### Information shown

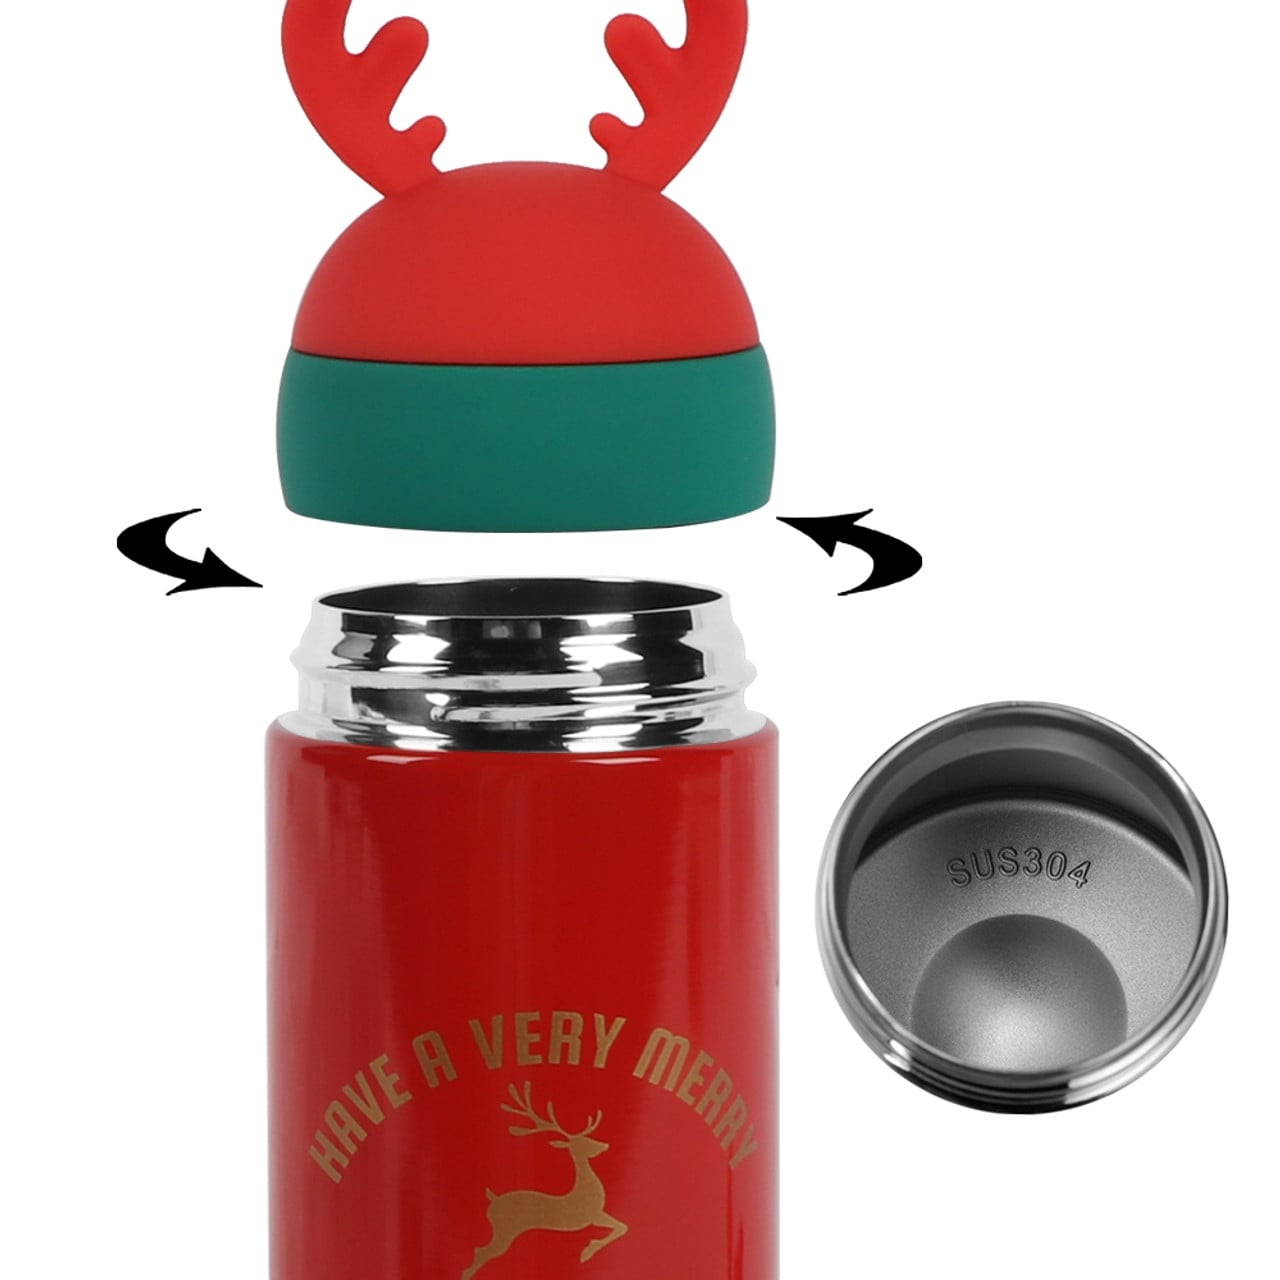 https://ak1.ostkcdn.com/images/products/is/images/direct/b92cc3fdf0e77edd16a6b815d9a50c16b3e9a518/Reindeer-Coffee-Tumbler-Insulated-Metal-Christmas-Thermos-Cup-Hot-Cold-Screw-Lid.jpg
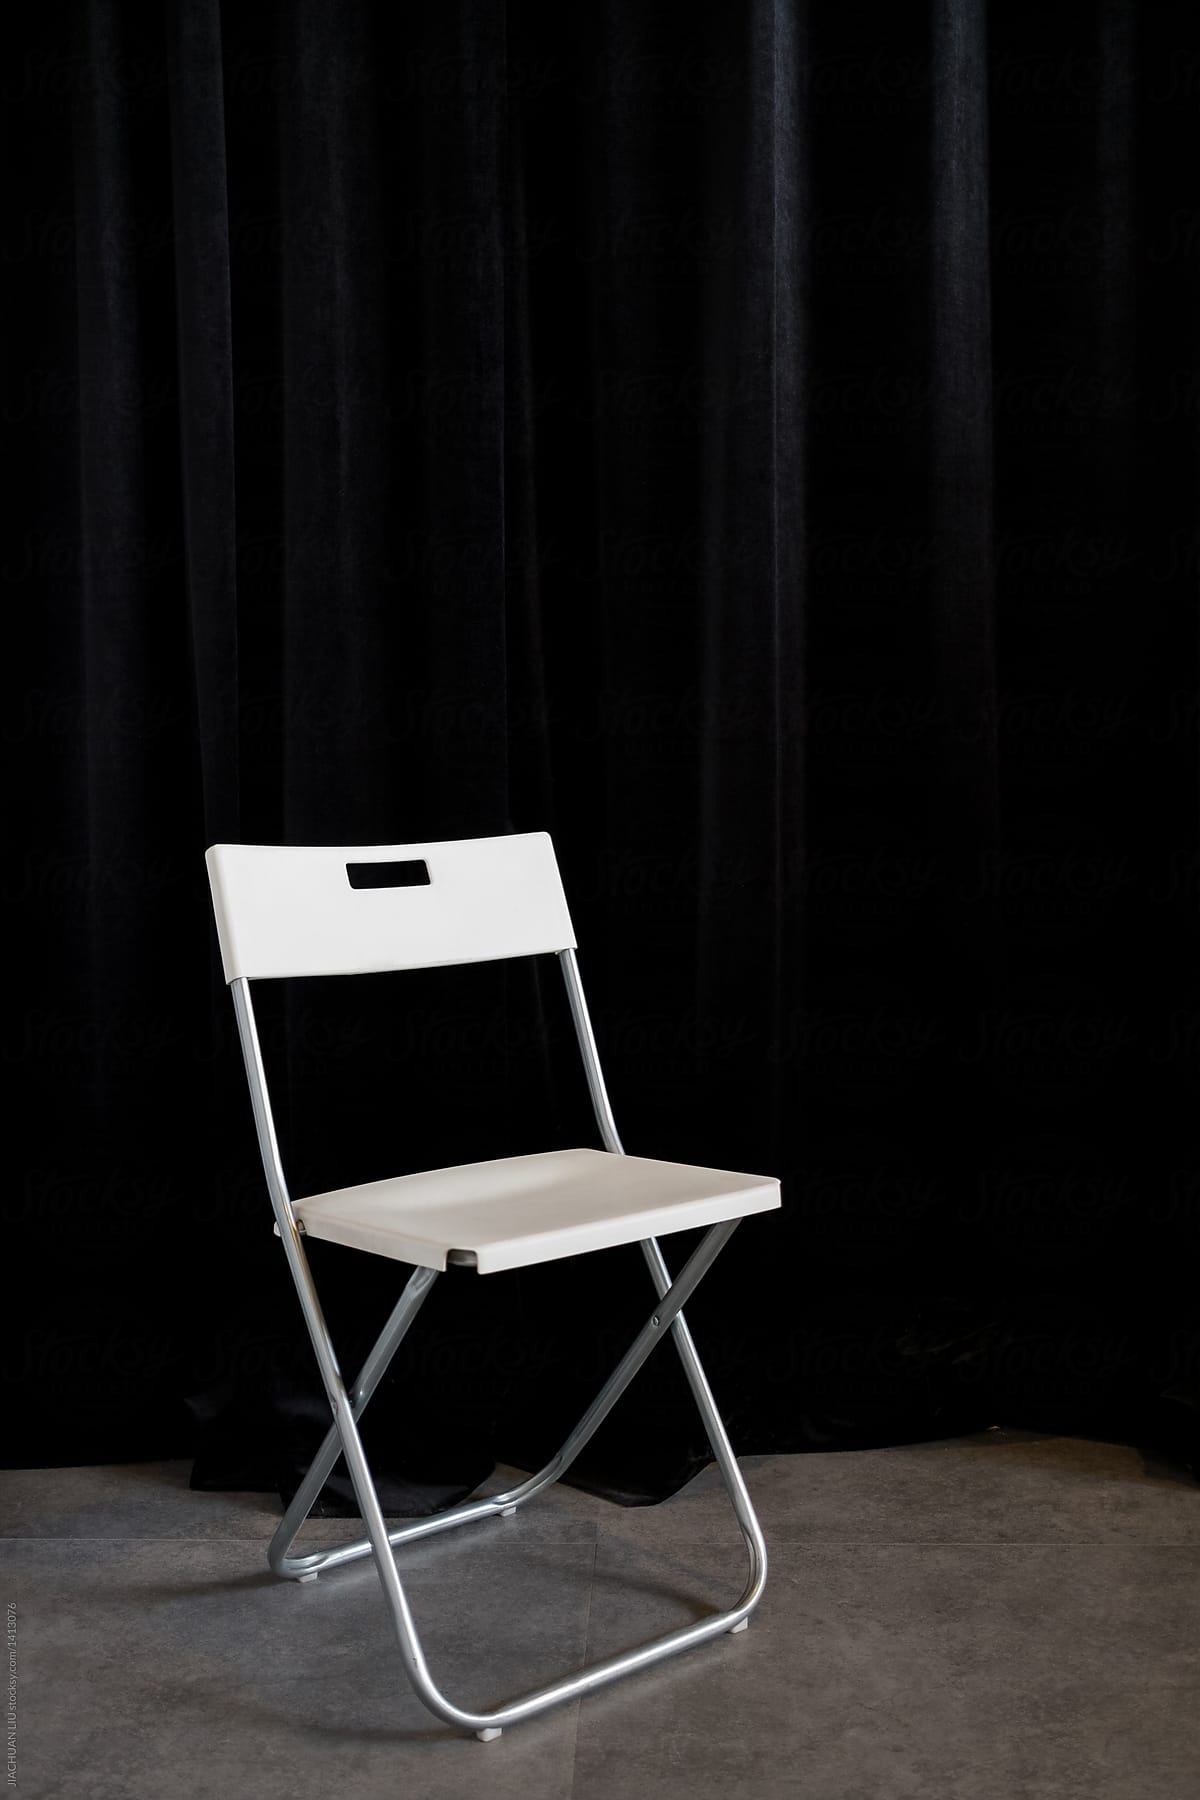 Empty chair on stage
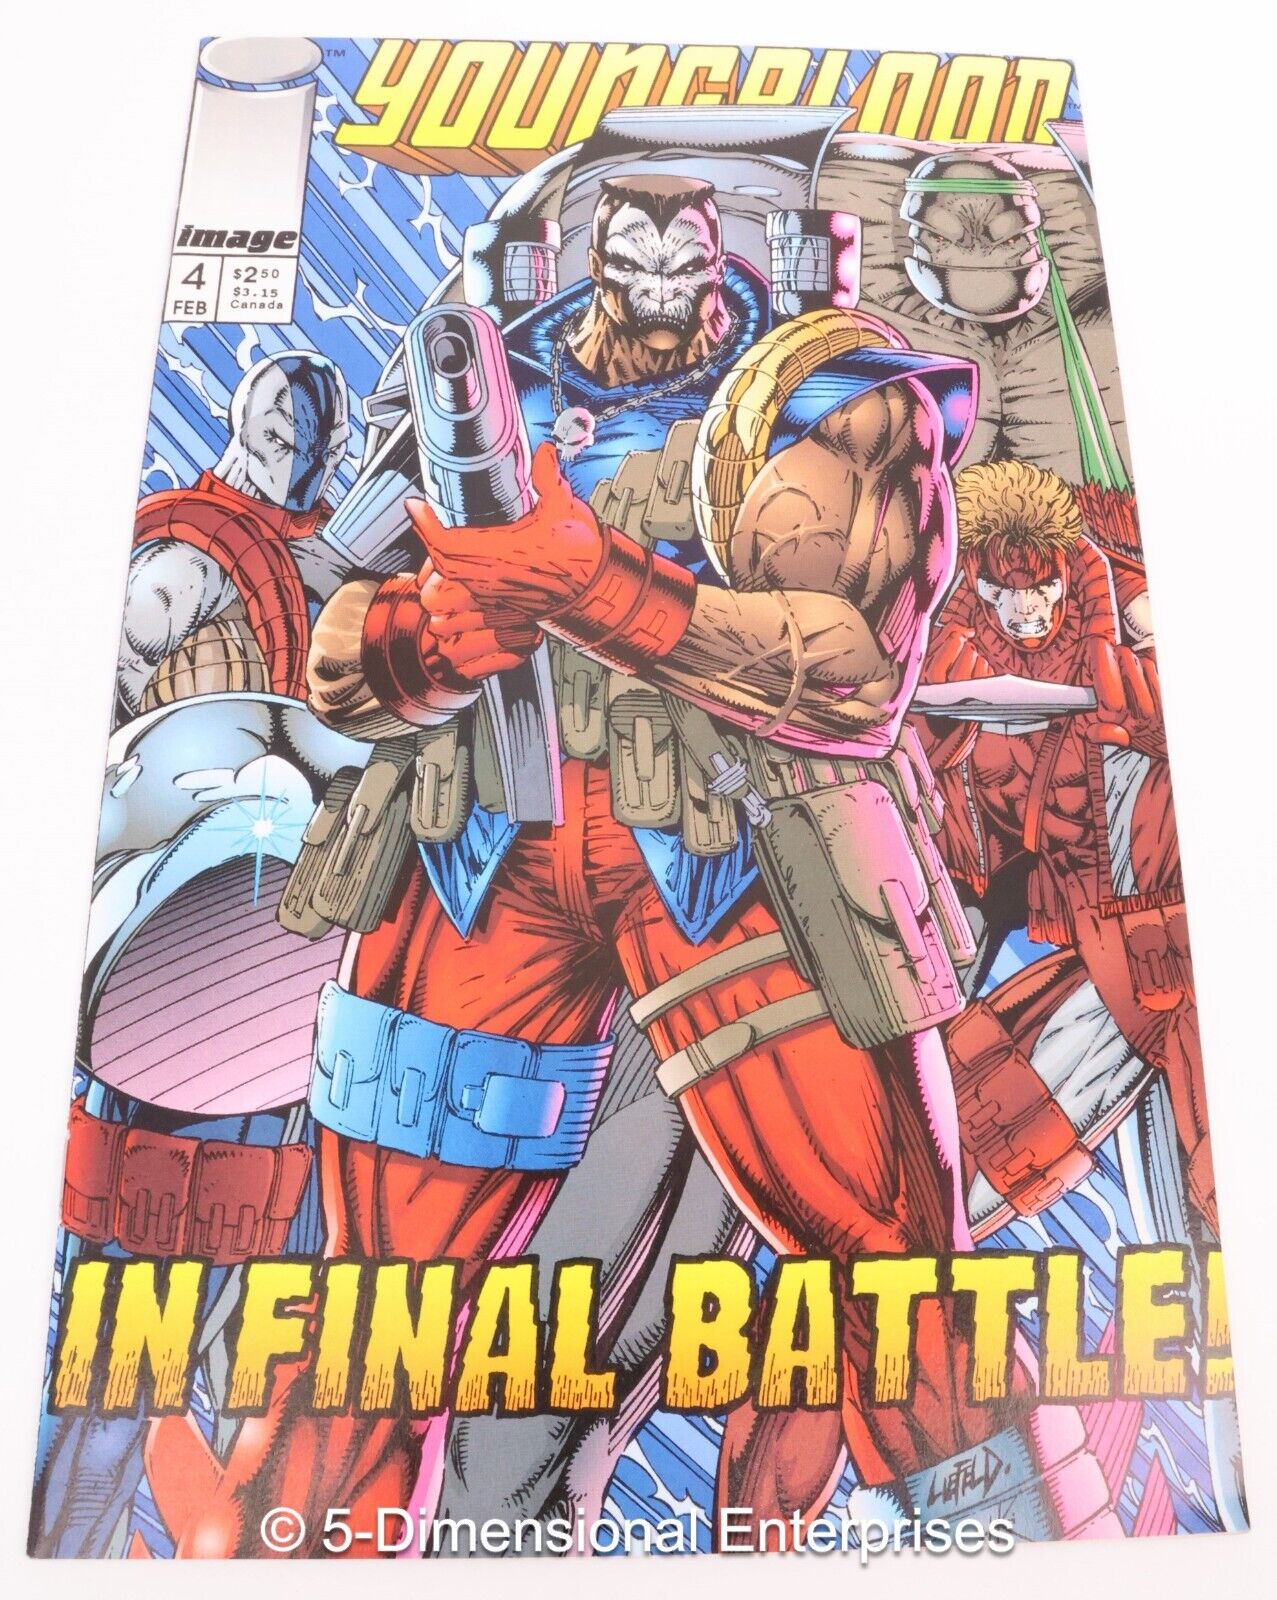 YOUNGBLOOD In Final Battle #4 (Feb 1992 1st Series) Image Comics Bagged Boarded
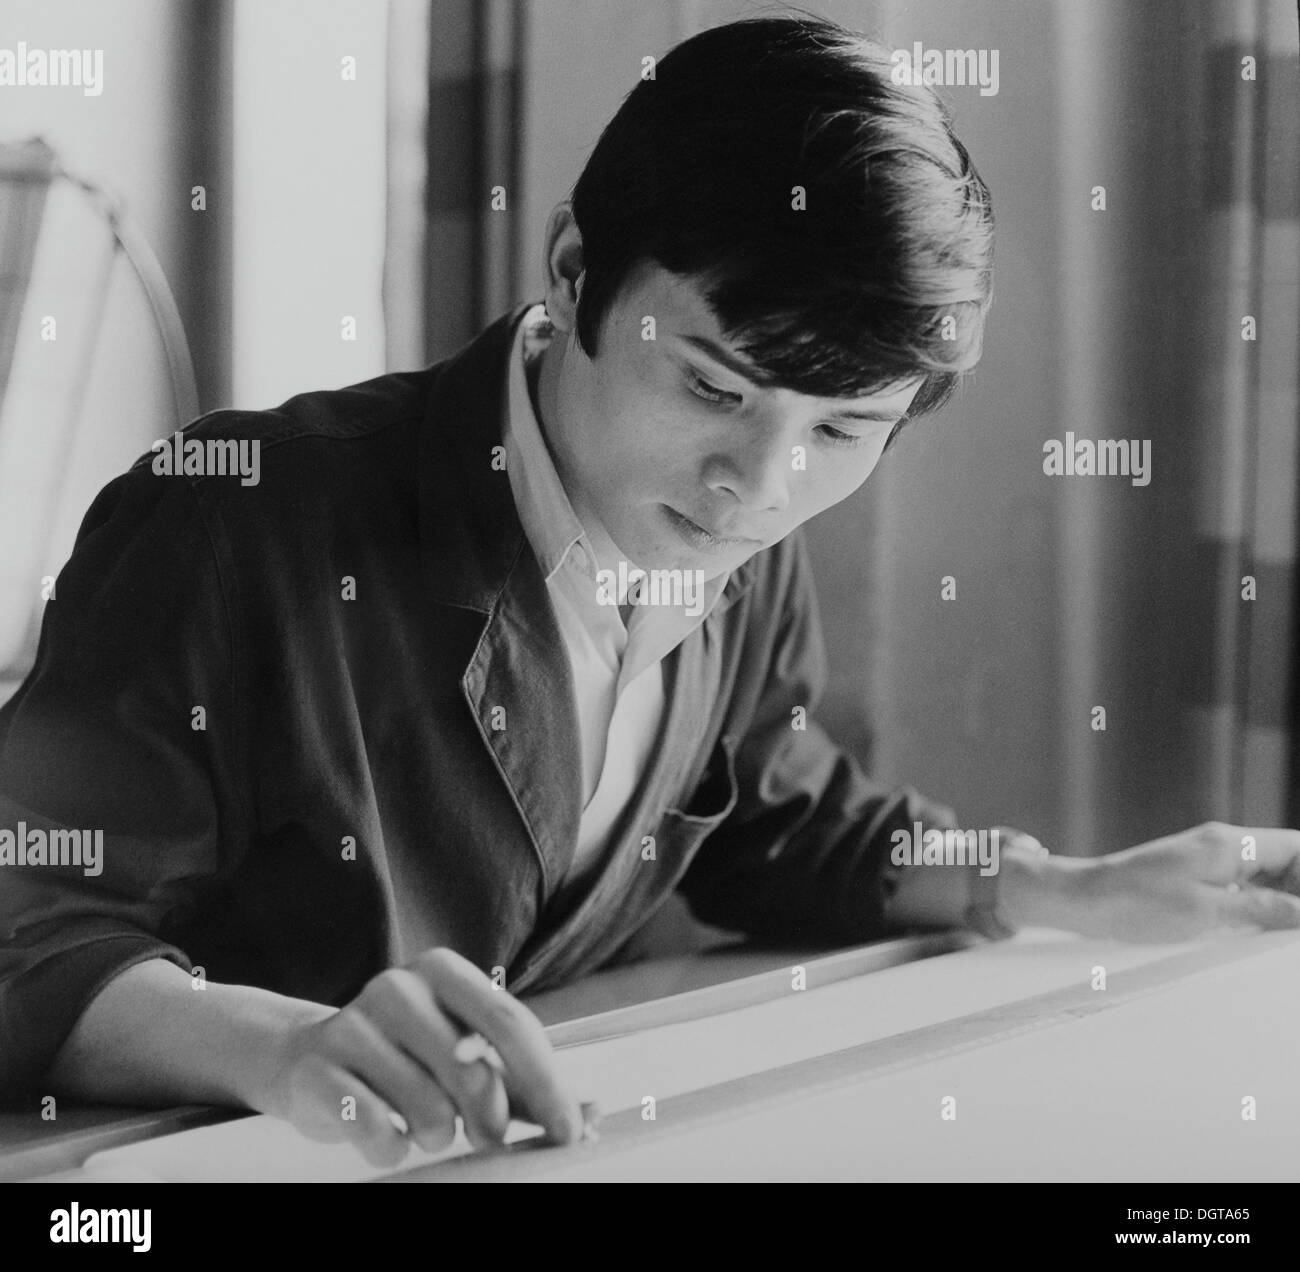 Vietnamese apprentice in a printing plant, circa 1975, Leipzig, GDR, East Germany, Europe Stock Photo

### Activity
When you reach the line that contains "Empty chair on stage", start copying the listing word for word and stop only after its last line, without any pictures.

### Answer for this exercise
 Empty chair on stage
 YOUNGBLOOD In Final Battle #4 (Feb 1992 1st Series) Image Comics Bagged Boarded
 Vietnamese apprentice in a printing plant, circa 1975, Leipzig, GDR, East Germany, Europe Stock Photo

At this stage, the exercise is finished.